Opinion
2019–06663 Index No. 605347/17
10-21-2020
Dell & Dean, PLLC (Joseph G. Dell and Mischel & Horn, P.C., New York, N.Y. [Scott T. Horn and Christen Giannaros], of counsel), for appellant. Sette & Apoznanski (J. Cavin Flores and Gentile & Tambasco, Hicksville, N.Y. [Jill Dabrowski], of counsel), for respondent.
Dell & Dean, PLLC (Joseph G. Dell and Mischel & Horn, P.C., New York, N.Y. [Scott T. Horn and Christen Giannaros], of counsel), for appellant.
Sette & Apoznanski (J. Cavin Flores and Gentile & Tambasco, Hicksville, N.Y. [Jill Dabrowski], of counsel), for respondent.
LEONARD B. AUSTIN, J.P., JEFFREY A. COHEN, ANGELA G. IANNACCI, LINDA CHRISTOPHER, JJ.
DECISION & ORDER
In an action to recover damages for personal injuries, the plaintiff appeals from an order of the Supreme Court, Nassau County (Thomas Feinman, J.), entered April 11, 2019. The order granted the defendant's motion for summary judgment dismissing the complaint on the ground that the plaintiff did not sustain a serious injury within the meaning of Insurance Law § 5102(d) as a result of the subject accident.
ORDERED that the order is reversed, on the law, with costs, and the defendant's motion for summary judgment dismissing the complaint on the ground that the plaintiff did not sustain a serious injury within the meaning of Insurance Law § 5102(d) as a result of the subject accident is denied.
On June 30, 2016, the plaintiff, a pedestrian, was struck by a vehicle operated by the defendant.

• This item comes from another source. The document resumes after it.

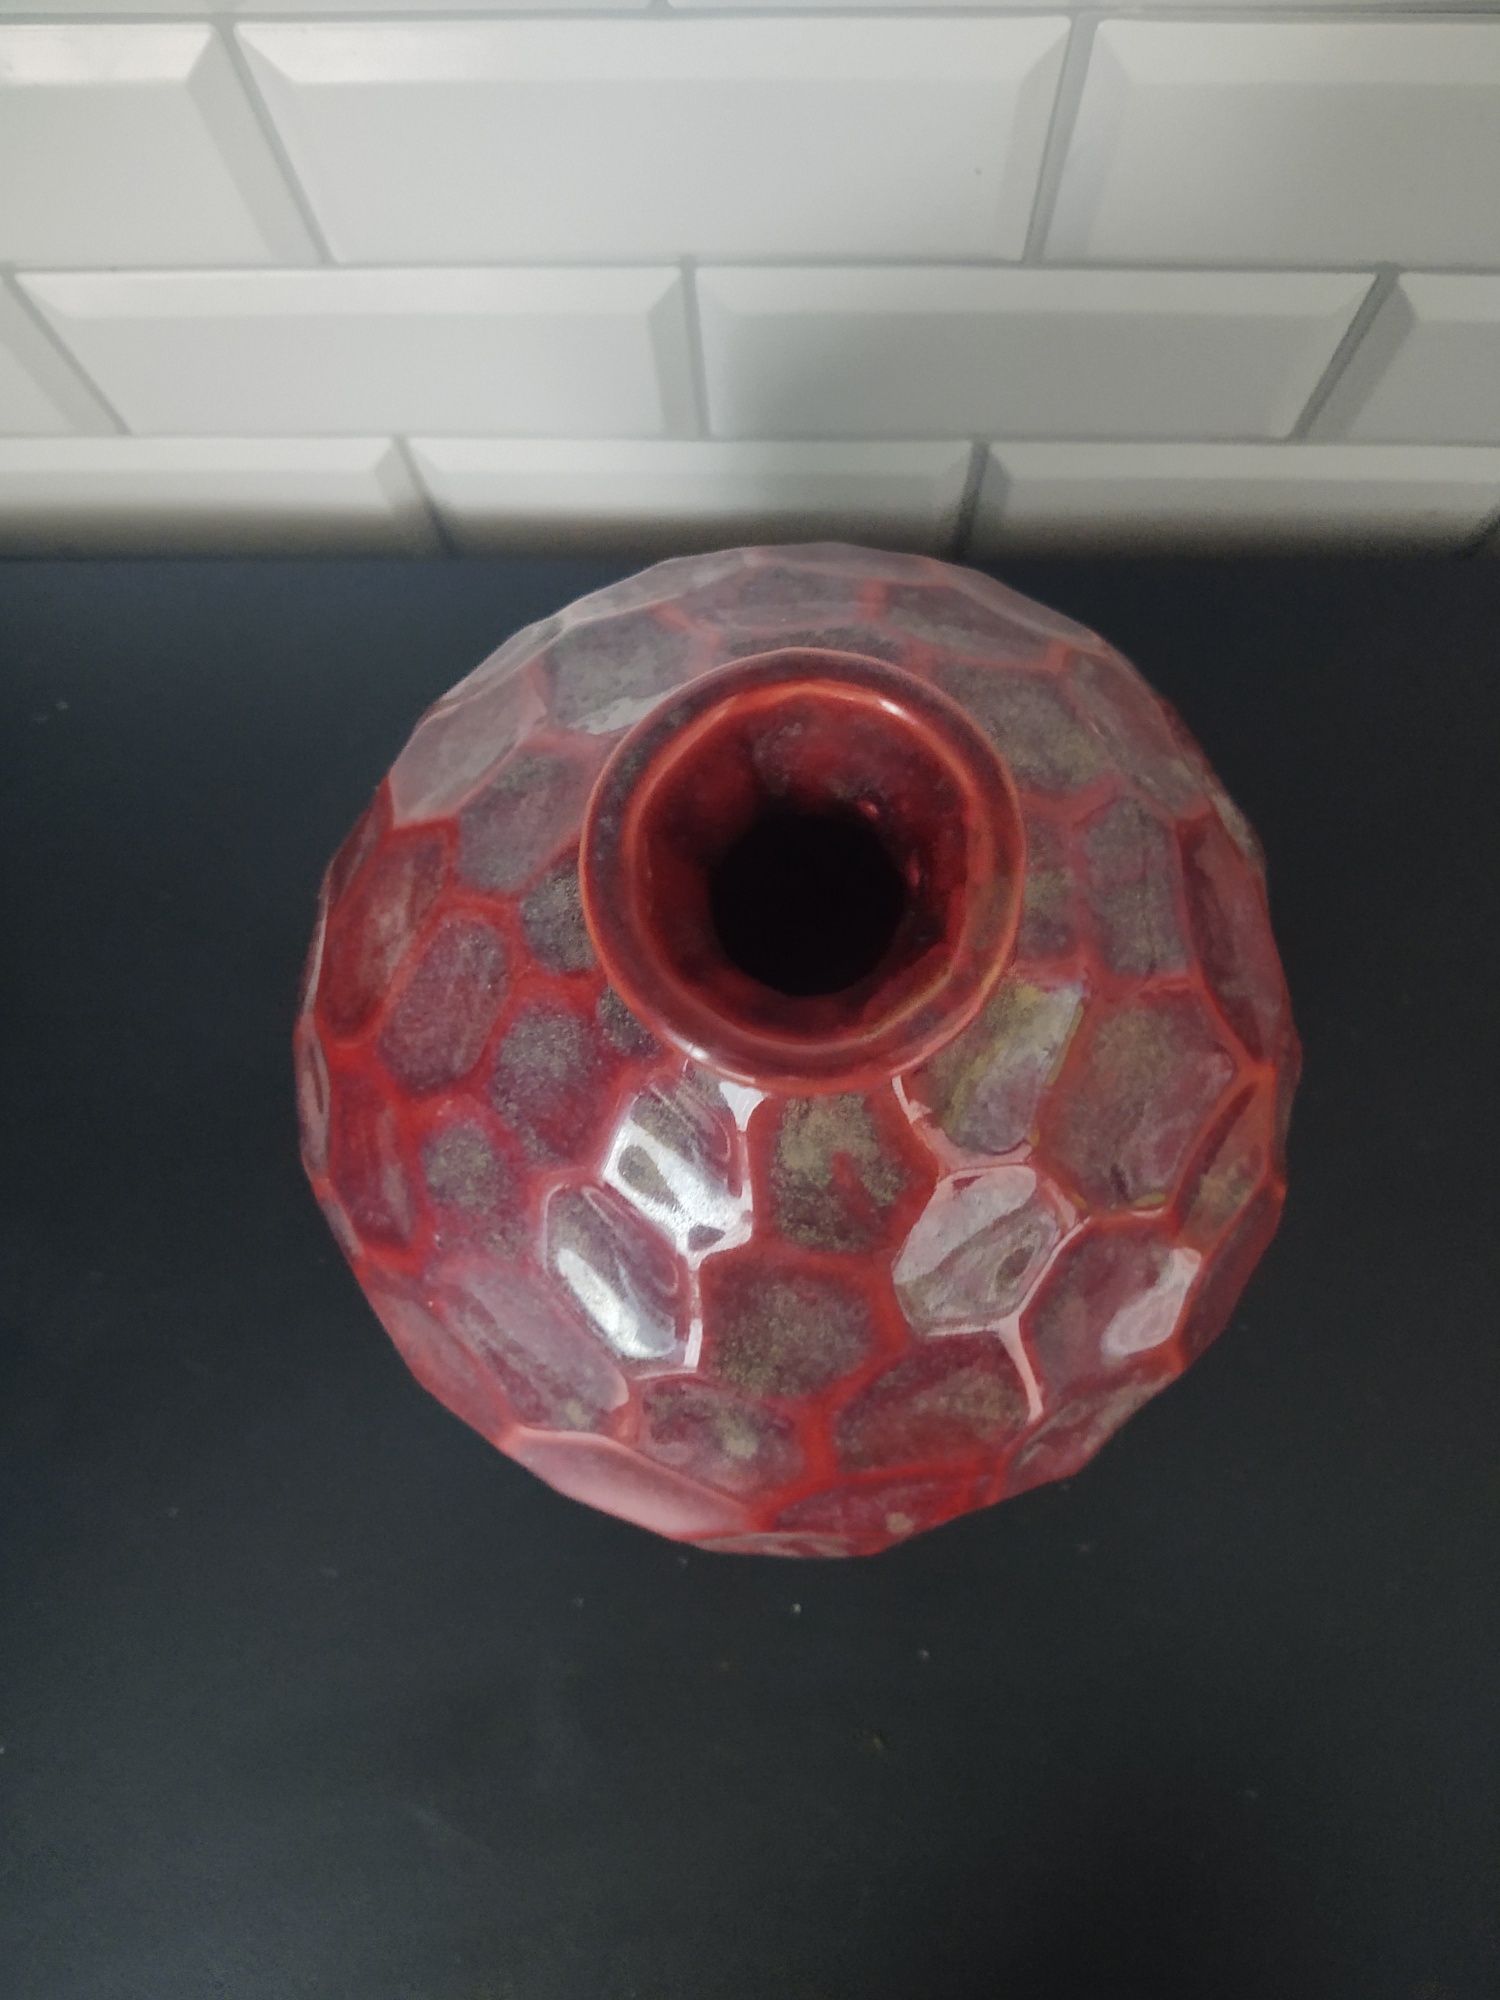 Nowy wazon! Wyjątkowy! Idealny do wielu wnętrz! Możliwość wysyłki Olx

The plaintiff commenced this action to recover damages for personal injuries that he allegedly sustained in the accident. The defendant moved for summary judgment dismissing the complaint on the ground that the plaintiff did not sustain a serious injury within the meaning of Insurance Law § 5102(d) as a result of the accident. The Supreme Court granted the motion, and the plaintiff appeals.
The defendant failed to meet his prima facie burden of showing that the plaintiff did not sustain a serious injury within the meaning of Insurance Law § 5102(d) as a result of the accident (see Toure v. Avis Rent A Car Sys., 98 N.Y.2d 345, 746 N.Y.S.2d 865, 774 N.E.2d 1197 ; Gaddy v. Eyler, 79 N.Y.2d 955, 956–957, 582 N.Y.S.2d 990, 591 N.E.2d 1176 ). The defendant's submissions failed to eliminate triable issues of fact regarding the plaintiff's claim, set forth in the bill of particulars, that he sustained a serious injury under the 90/180–day category of Insurance Law § 5102(d) (see Che Hong Kim v. Kossoff, 90 A.D.3d 969, 934 N.Y.S.2d 867 ; Rouach v. Betts, 71 A.D.3d 977, 897 N.Y.S.2d 242 ; cf. Calucci v. Baker, 299 A.D.2d 897, 750 N.Y.S.2d 675 ). While the defendant relied upon the transcript of the plaintiff's deposition testimony to establish, prima facie, his entitlement to judgment as a matter of law under the 90/180–day category, the testimony did not address the plaintiff's usual and customary daily activities during the specific relevant time frame, and did not compare the plaintiff's pre-accident and post-accident activities during that relevant time frame. Since the defendant failed to meet his prima facie burden, it is unnecessary to determine whether the papers submitted by the plaintiff in opposition were sufficient to raise a triable issue of fact (see Che Hong Kim v. Kossoff, 90 A.D.3d at 969, 934 N.Y.S.2d 867 ).
Accordingly, the Supreme Court should have denied the defendant's motion for summary judgment dismissing the complaint on the ground that the plaintiff did not sustain a serious injury within the meaning of Insurance Law § 5102(d) as a result of the accident.
AUSTIN, J.P., COHEN, IANNACCI and CHRISTOPHER, JJ., concur.